## Source material
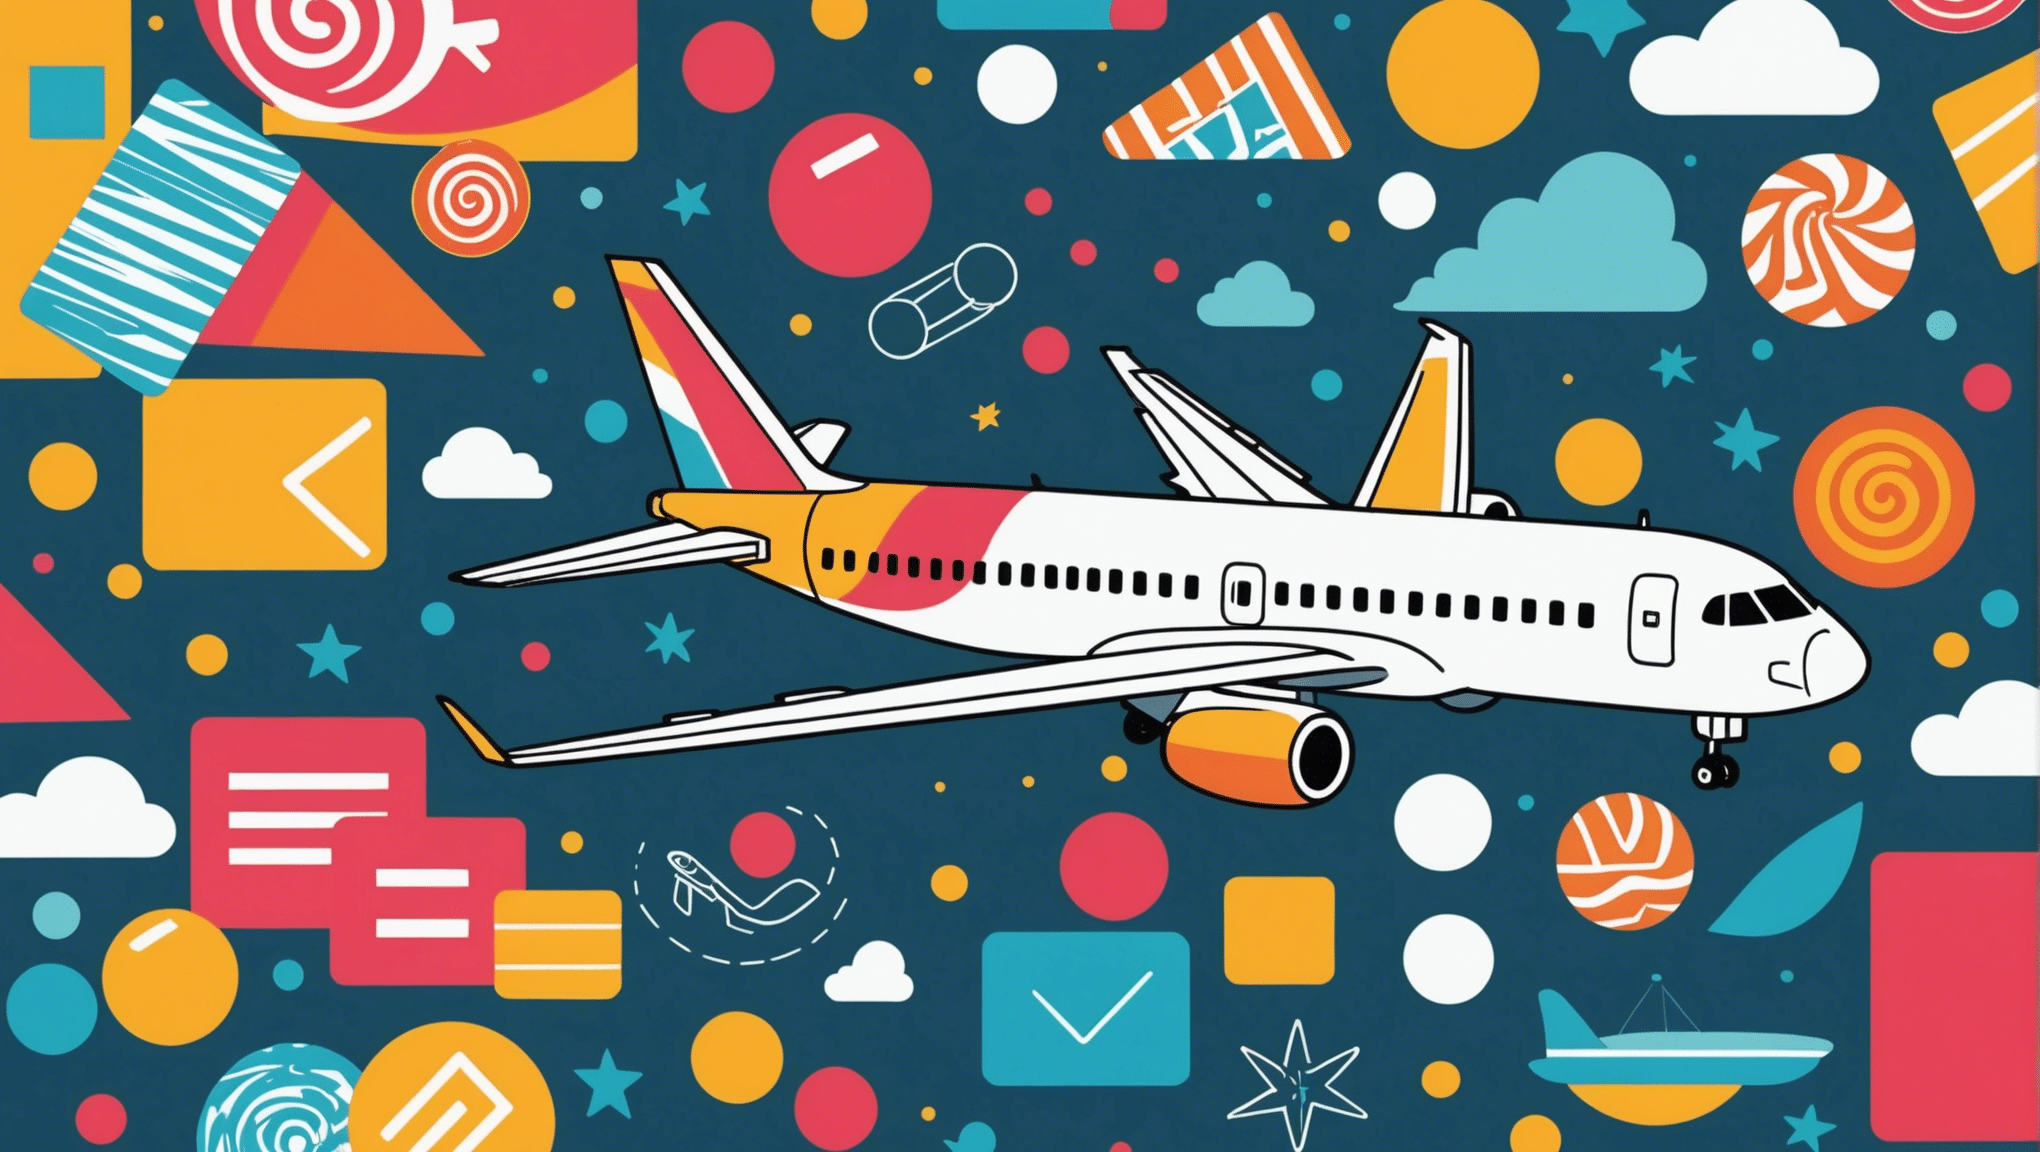 découvrez comment trouver le moment idéal pour acheter un billet d'avion et économiser sur vos prochains voyages avec nos conseils pratiques.
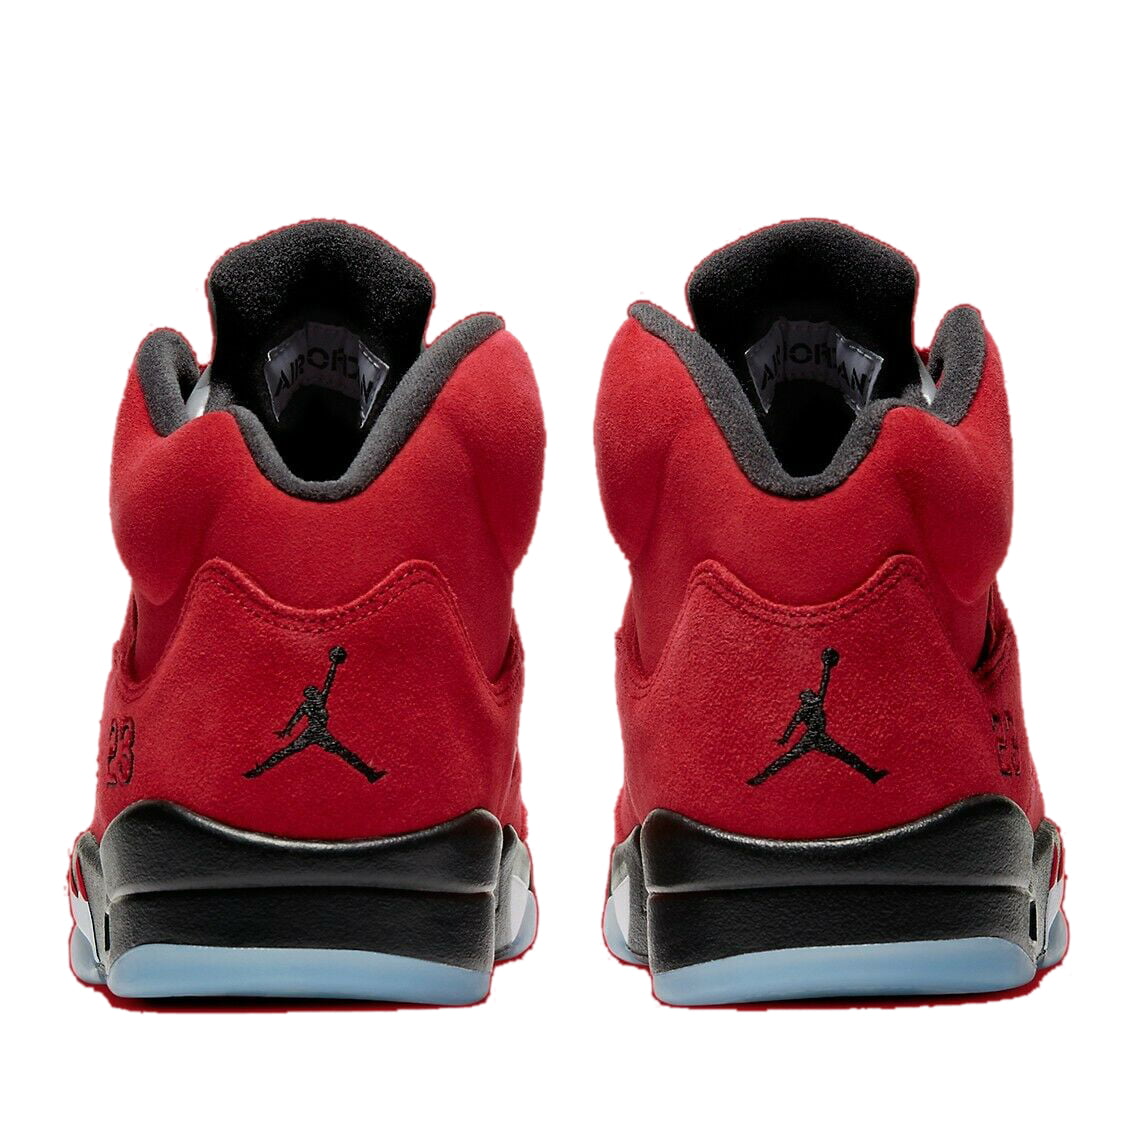 Sneakers Release – Jordan 5 Retro “Raging Bull”/  “Toro” Colorway Drops April 10
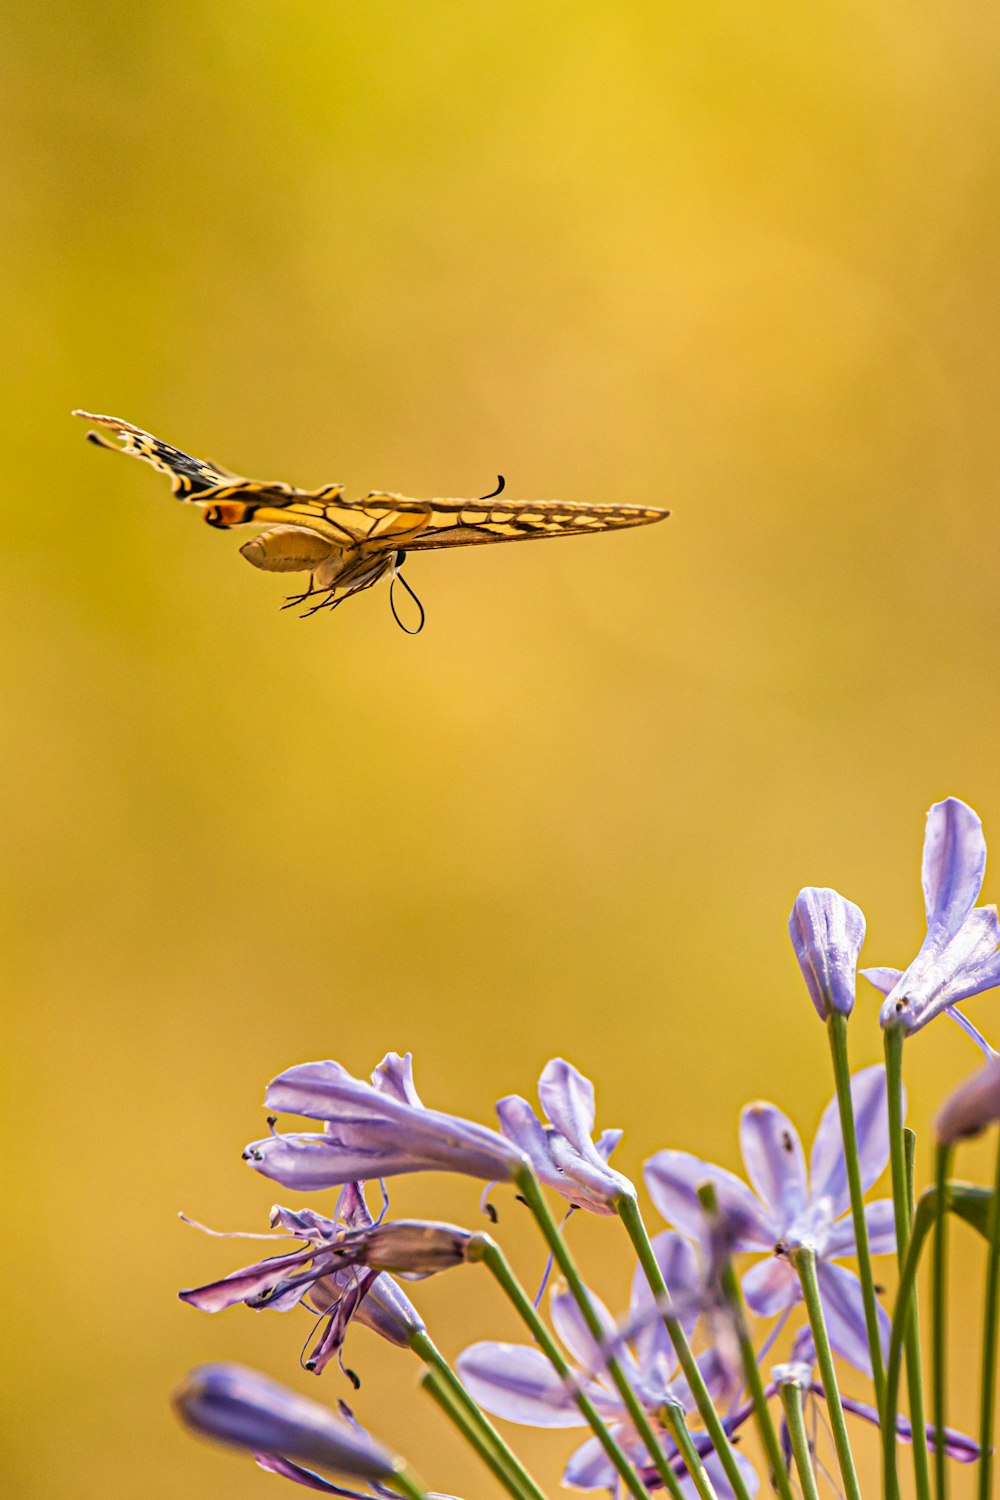 libélula marrom e preta empoleirada na flor roxa em fotografia de perto durante o dia
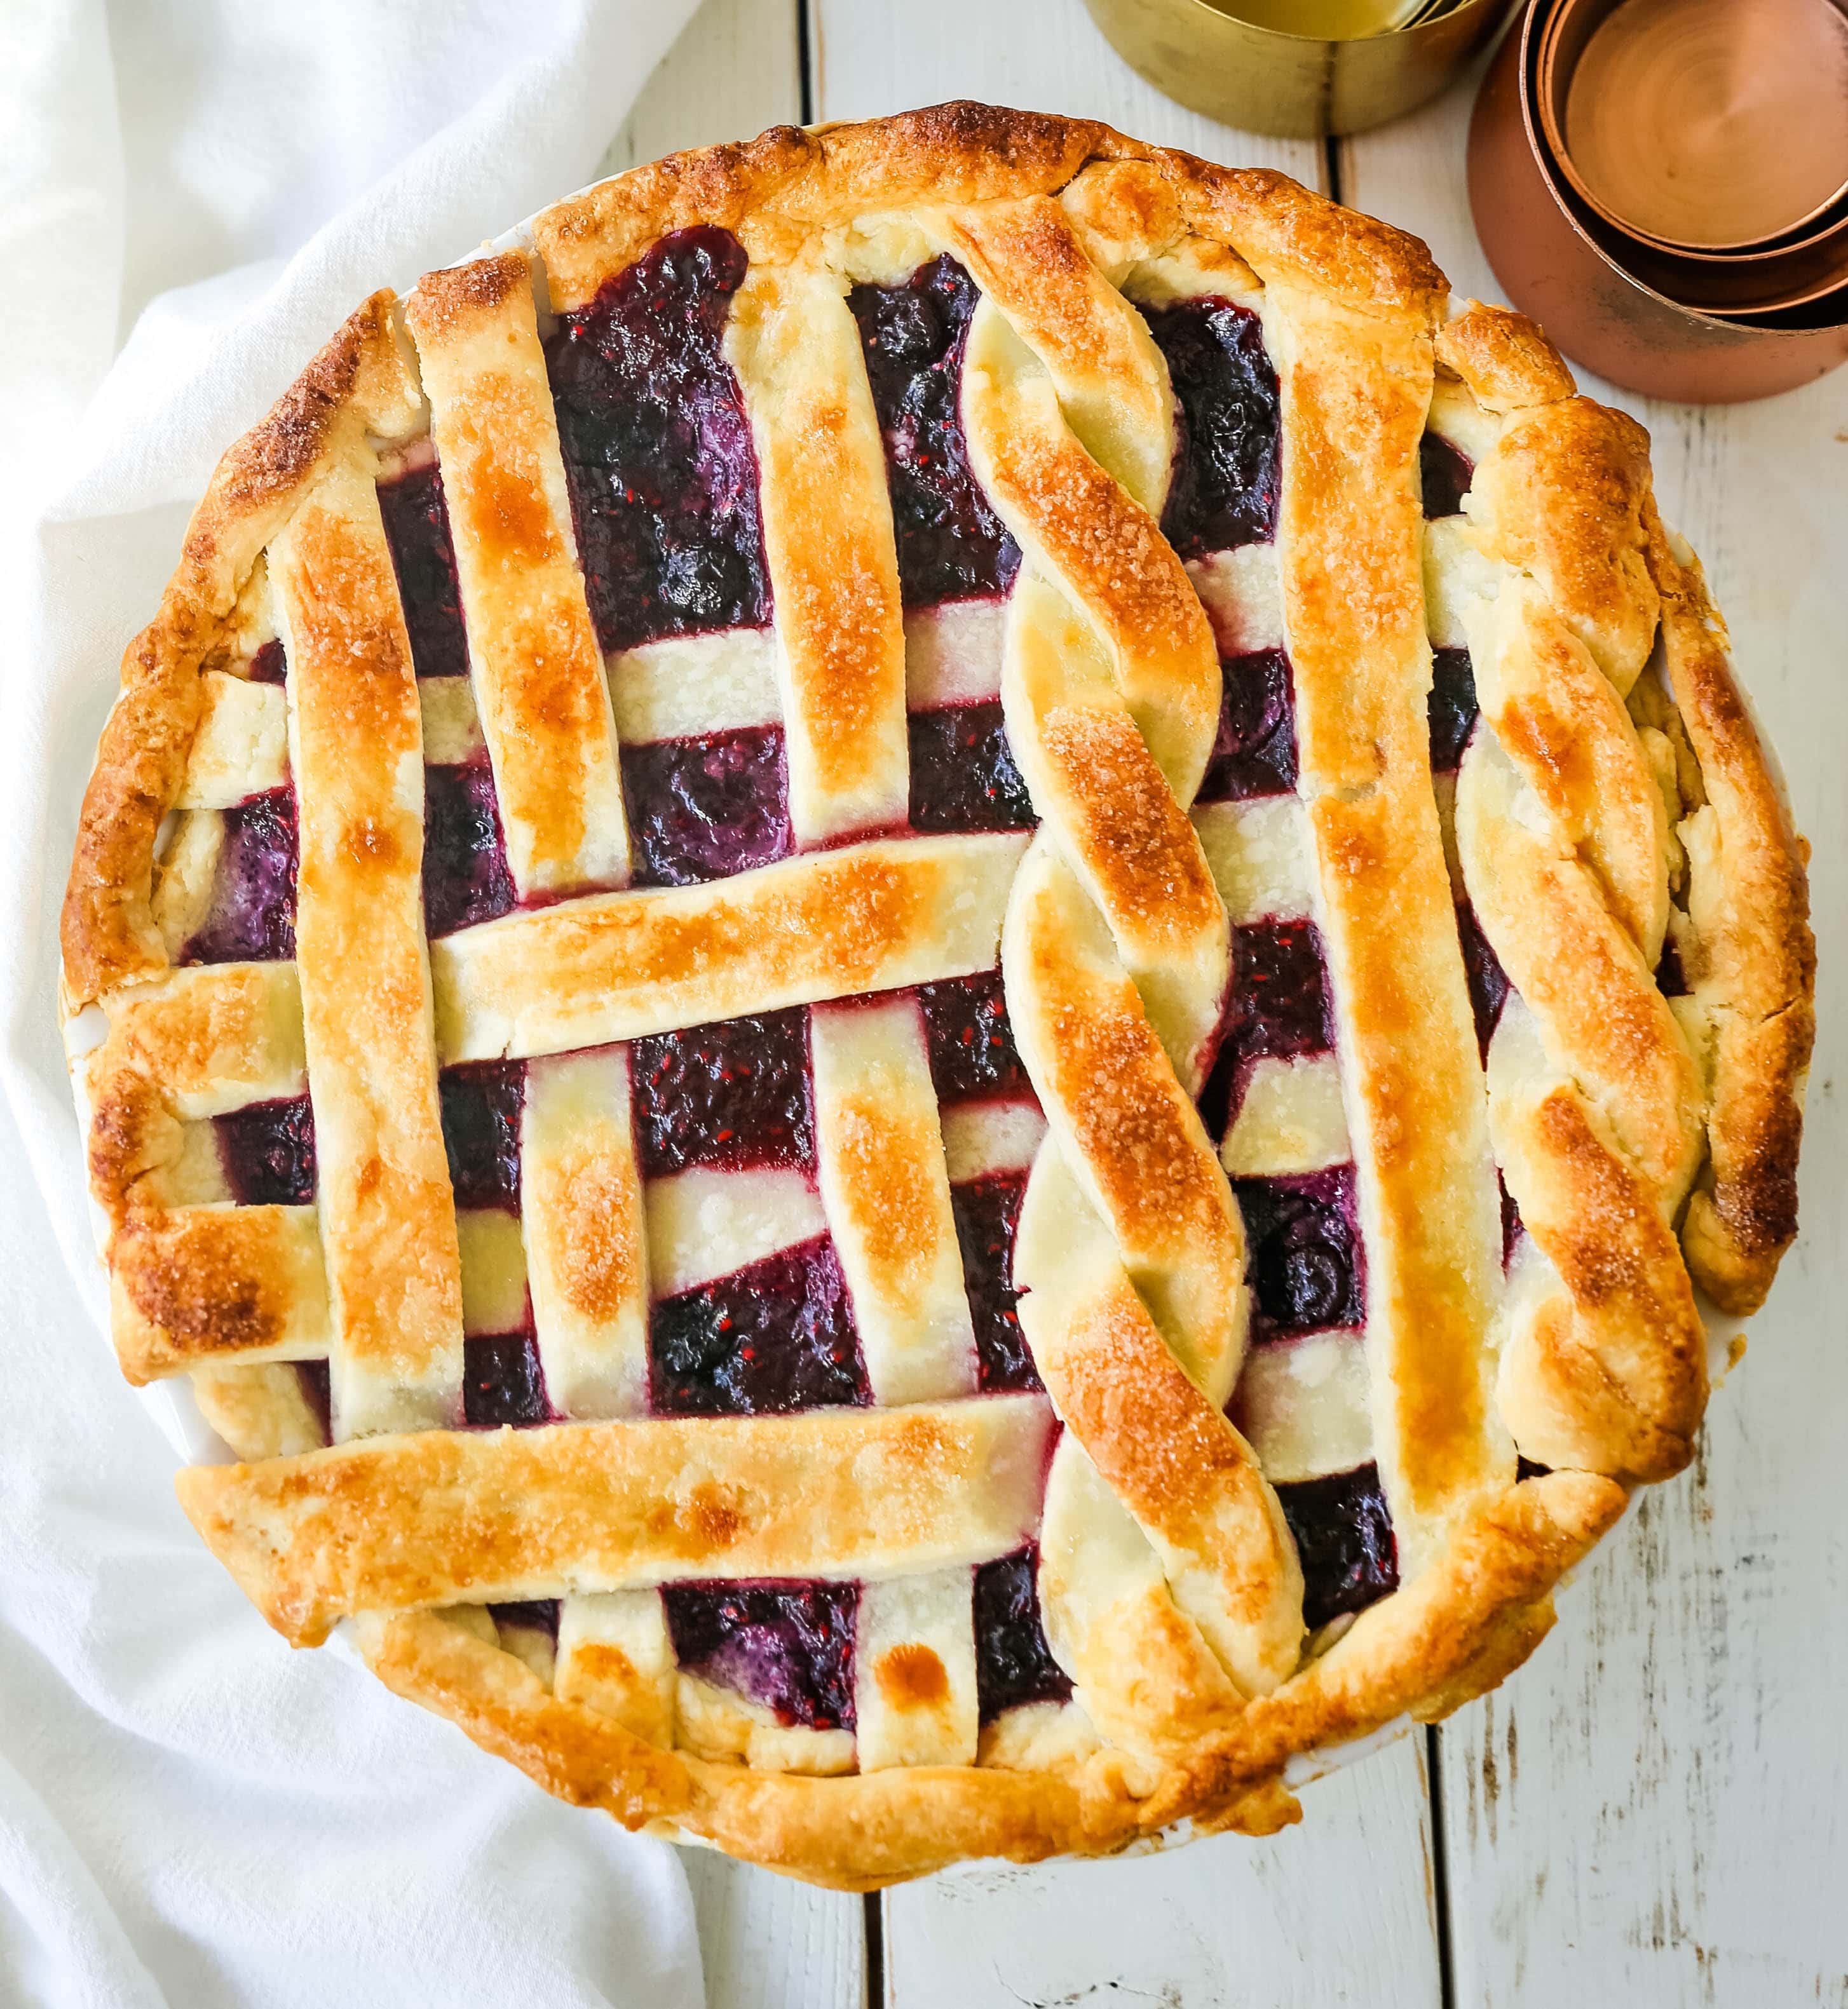 トリプルベリーパイです。 バター風味のパイ生地を使った最高の自家製ベリーパイのレシピです。 バニラビーンズのアイスクリームをのせれば、完璧なベリーデザートの完成です。 最高のベリーパイのレシピです。www.modernhoney.com #berrypie #pie #berries #tripleberrypie #thanksgiving

## What the task asks
Could you repeat the listing above exactly, omitting its pictures?

## Exercise solution
 découvrez comment trouver le moment idéal pour acheter un billet d'avion et économiser sur vos prochains voyages avec nos conseils pratiques.
 Sneakers Release – Jordan 5 Retro “Raging Bull”/  “Toro” Colorway Drops April 10
 libélula marrom e preta empoleirada na flor roxa em fotografia de perto durante o dia
 トリプルベリーパイです。 バター風味のパイ生地を使った最高の自家製ベリーパイのレシピです。 バニラビーンズのアイスクリームをのせれば、完璧なベリーデザートの完成です。 最高のベリーパイのレシピです。www.modernhoney.com #berrypie #pie #berries #tripleberrypie #thanksgiving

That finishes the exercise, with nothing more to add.